J. Hans Lehmann, who fled Nazi Germany in the 1930s and went on to serve as a faculty member and regent at the University of Washington, died March 31, 1996. He was 84 when he died of heart failure at his Ballard home.
Lehmann, who lost most of his family in the Holocaust, was described by his friends as a Renaissance man, equally adept making a house call or discussing Mozart. A Seattle cardiologist for more than 40 years, he was a major force in the local arts and music scene.
“He was a man of immense breadth and depth,” said his close friend, UW President Emeritus William P. Gerberding. “He was brilliant.”
Lehmann played a vital role in encouraging Seattle physicians to accept the UW’s decision to build a medical school in the 1940s, Gerberding said, and worked behind the scenes to help save the UW humanities and arts departments from major budget cuts in the early 1980s. He argued that proposed cuts in those areas would have hurt “all the features that make us distinguished,” he said in 1981. “If they are eliminated, we might as well call ourselves Ballard Community College.”
It was no idle talk, either. Lehmann was a man who put his money where his mouth was, donating $250,000 to help fund the Robert A. Bruce Chair in Cardiology in the UW School of Medicine and another $250,000 to create the Hans and Thelma Lehmann Professorship in Music.
Born to a farm family in the northern Germany town of Barsinghausen, he fled Nazi Germany at the age of 24 and finished his schooling in medicine in Italy before coming to the United States, eventually landing in Seattle. He met his wife, Thelma Gerstman, in Seattle and the two were married in 1942. They had two sons.

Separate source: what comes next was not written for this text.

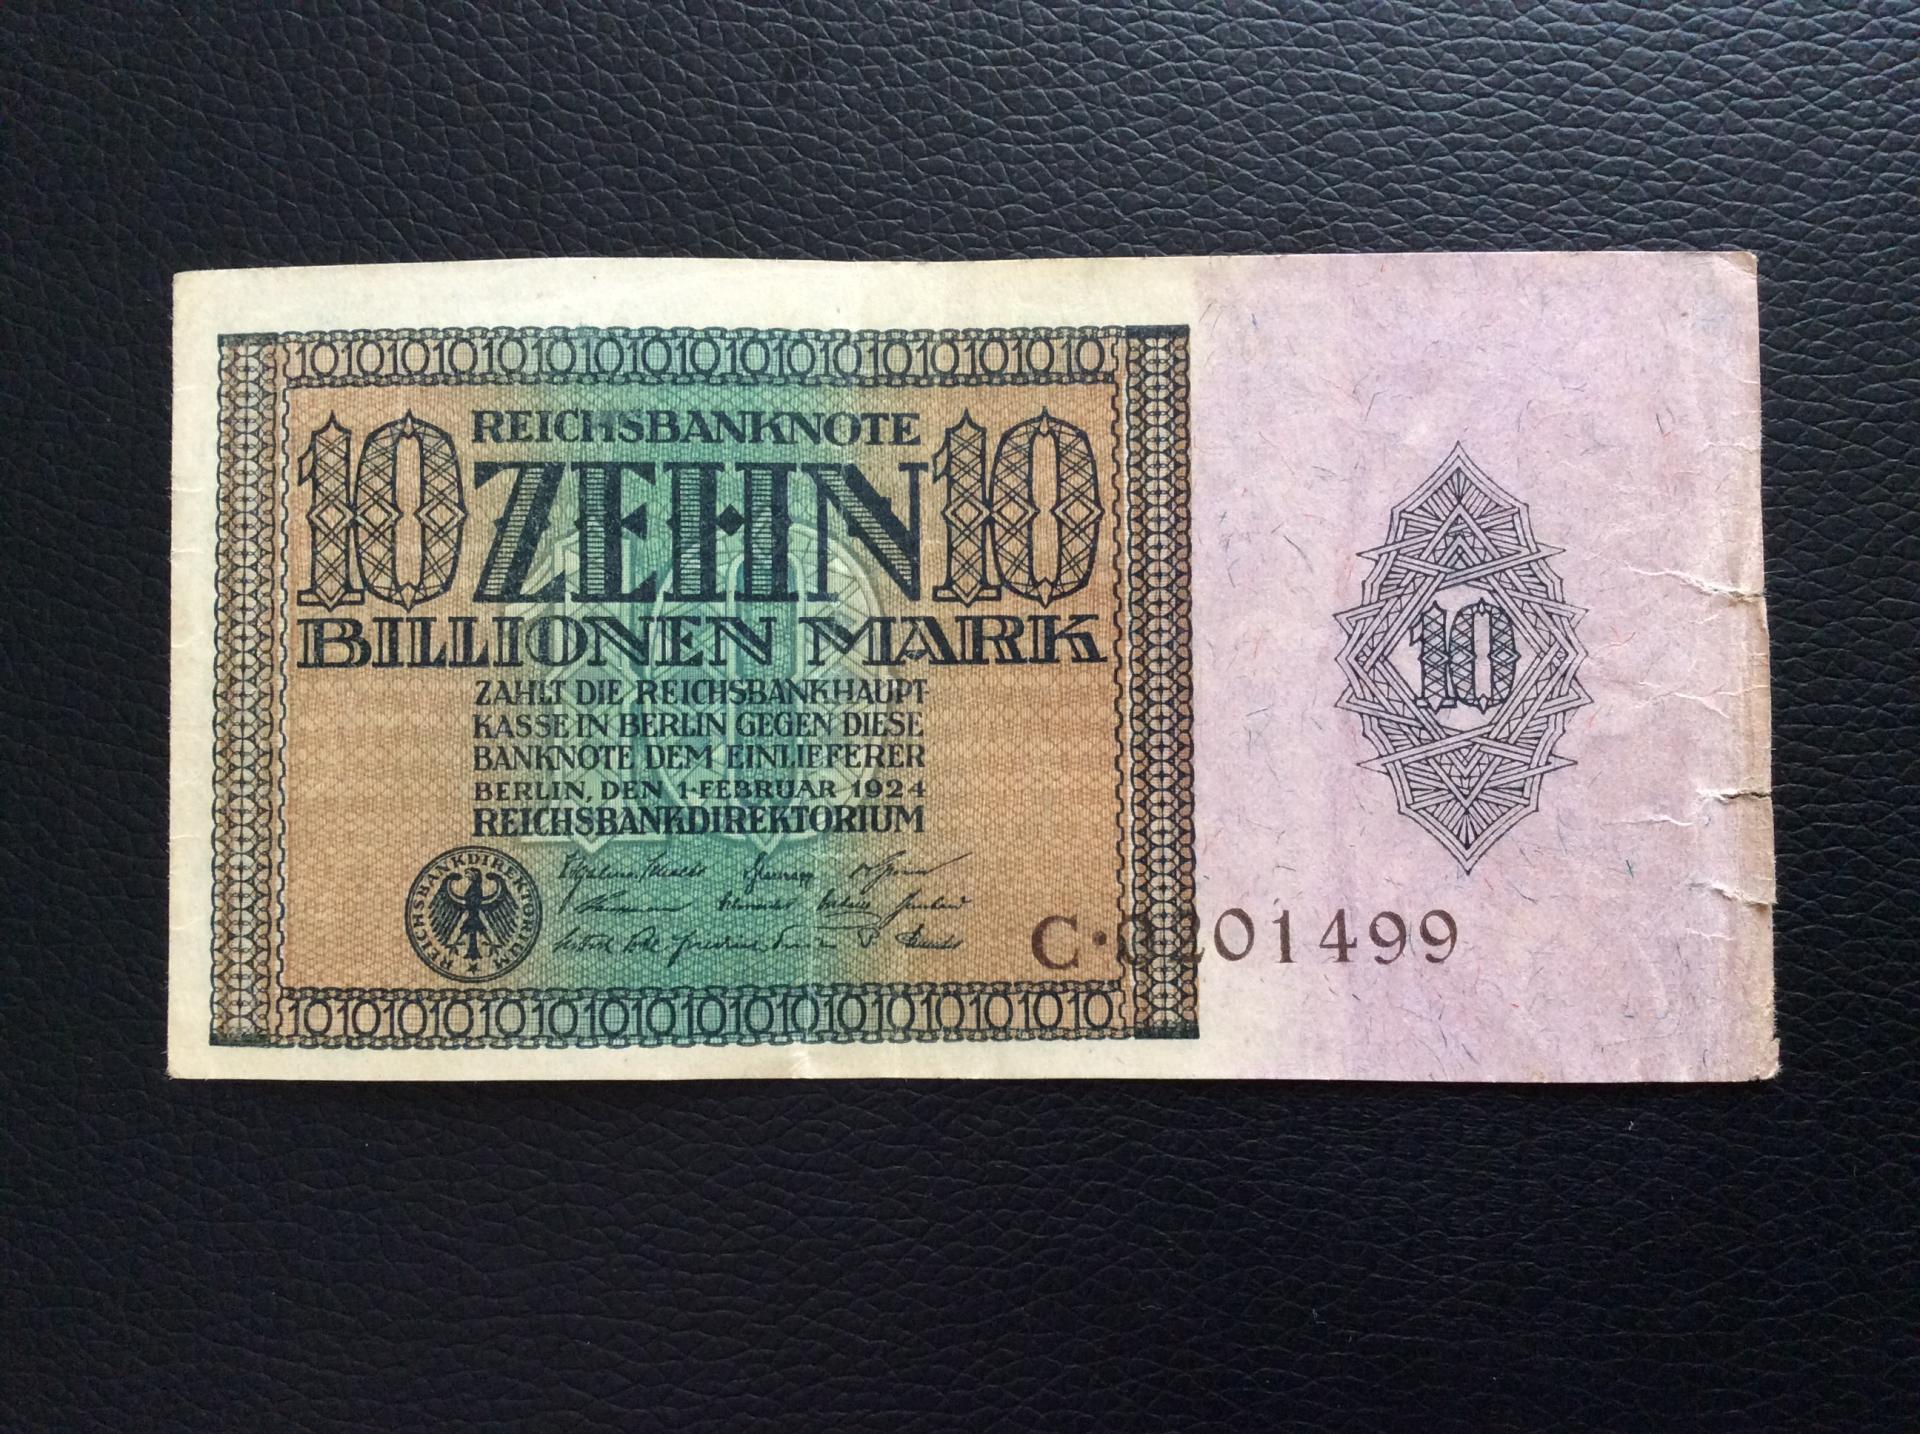 10 BILLIONEN MARK 1924 - BERLÍN ALEMANIA - REICHSBANKNOTE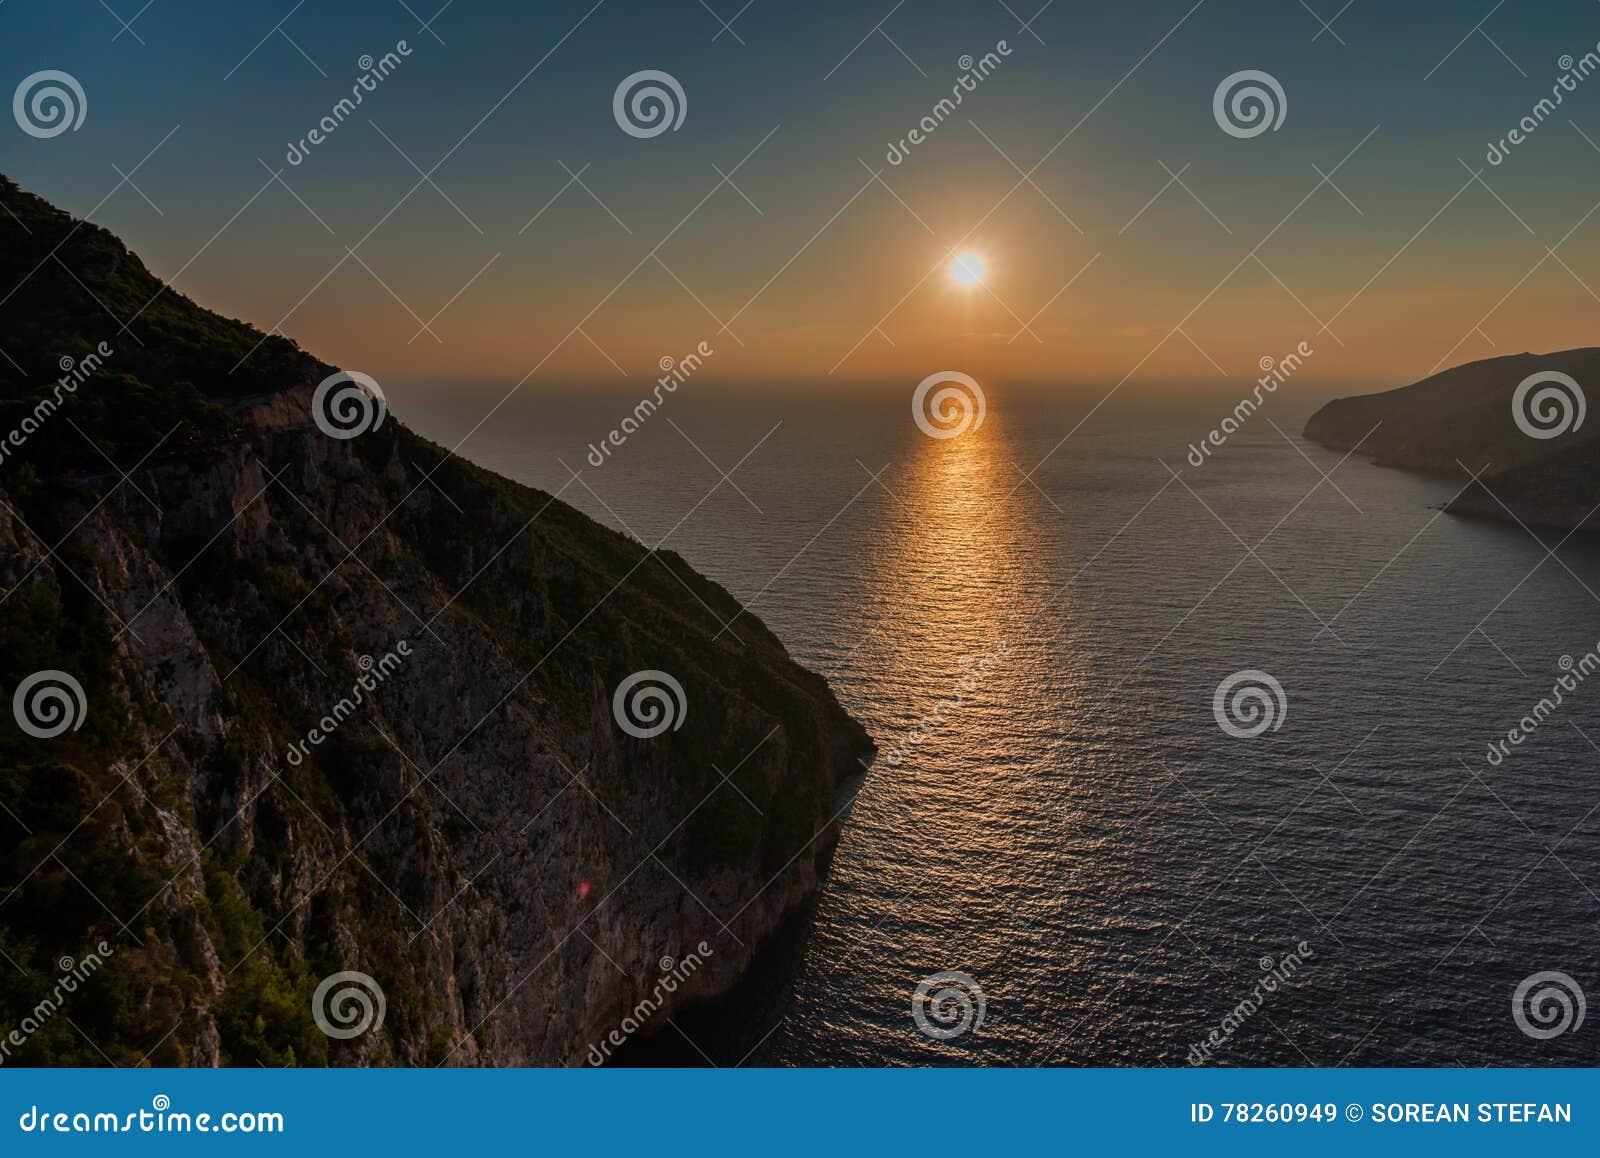 Ηλιοβασίλεμα στη mediteranean θάλασσα

A physician specializing in internal medicine and cardiology, he joined the clinical faculty of the School of Medicine in 1950. He spoke several languages and wrote two books—one on his experience emigrating from Germany, another on Seattle’s cultural evolution.
“His brain was going a mile a minute,” says close friend Milton Katims. “In fact, it was going so fast he couldn’t get the words out to keep up. They weren’t always in synch.”
He also helped found the Seattle Opera Association and the Pacific Northwest Ballet Association, and served on the boards of many other organizations. He was appointed as a regent in 1977 by Gov. Dixy Lee Ray and served until 1983.
An avid mountain skier and mountaineer—”I climbed every mountain in the state of Washington, practically,” he said in 1983—he worked all over the world, serving on the hospital ship S.S. Hope, and teaching medicine in Africa, South America and Asia. He also supported the UW’s affiliation with a Saudi Arabian medical university in the early 1980s.